Published online by Cambridge University Press: 05 January 2013
Like no other Italian city, Rome symbolized the Fascist experience. The past was evoked by a huge monument with the inscription “Mussolini Dux” near the sports center Foro Italico, and by a series of architectural reminders in the form of bombastic buildings, large avenues, and spacious squares, which formed an ideal background for military parades and mass meetings. Even the Italo-Ethiopian War of 1935-6 left its footprint in the old capital of the Impero dell'Africa Italiana. One of the famous Axumite monoliths, which dates from the fourth century, still stands next to the ruins of the Baths of Caracalla, although the Italian government has now promised to return it to Ethiopia as soon as possible. The obelisk was transported to Rome as a war trophy in 1937. Rome's northeastern districts also display reminders of colonial times. “Viale Eritrea,” “viale Etiopia,” “viale Somalia,” “via Adua,” “via Dessiè,” “via Tembien,” “via Endertà,” and “Piazza Addis Abeba” all refer to geographical locations in eastern Africa, which were sites of major battles in the Italo-Ethiopian War.
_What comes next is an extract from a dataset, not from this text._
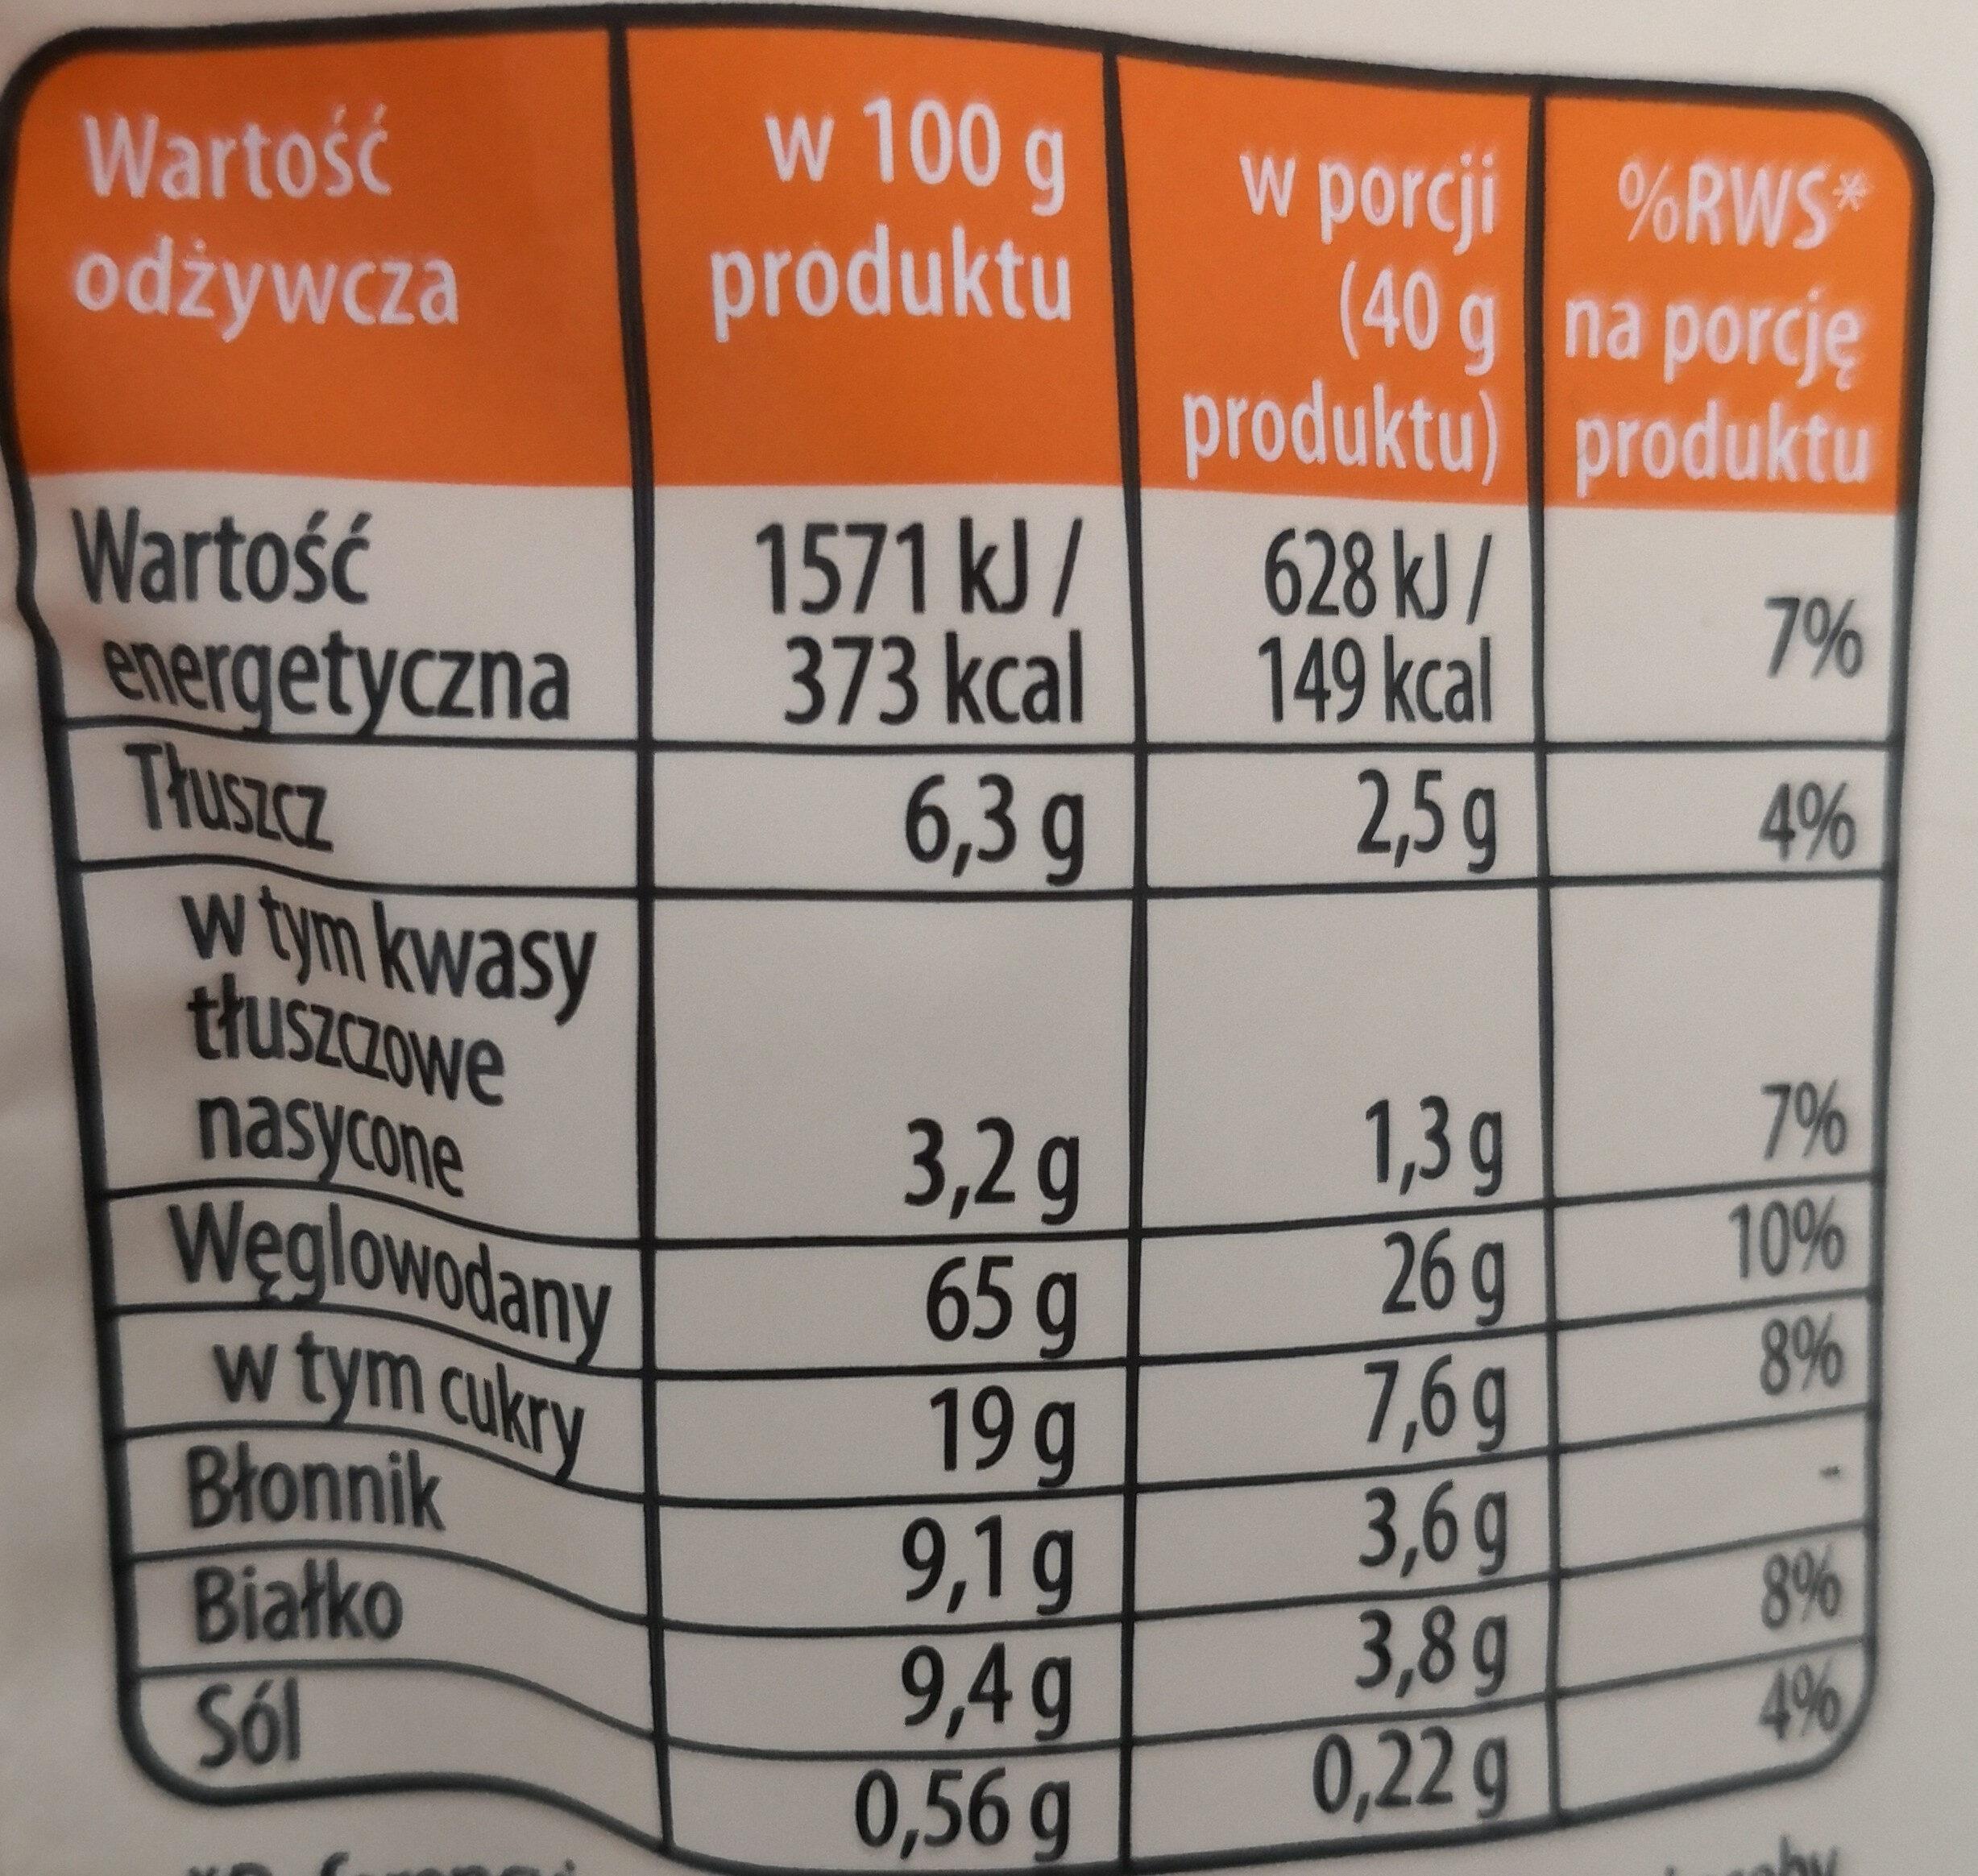 Muslim z owocami tropikalnymi - Wartości odżywcze - pl

Even though the signs of the colonial past are still manifest, historians and the general public have until recently suppressed memories of the Italo- Ethiopian War. In contrast to the interwar commentary, Italian historiography has since 1945 been reticent about the Italian colonial experience and the colonial wars on the African continent, even though these conflicts had exercised a formative influence on the young nation-state for seventy-five years. The subject was long regarded as unworthy of mention.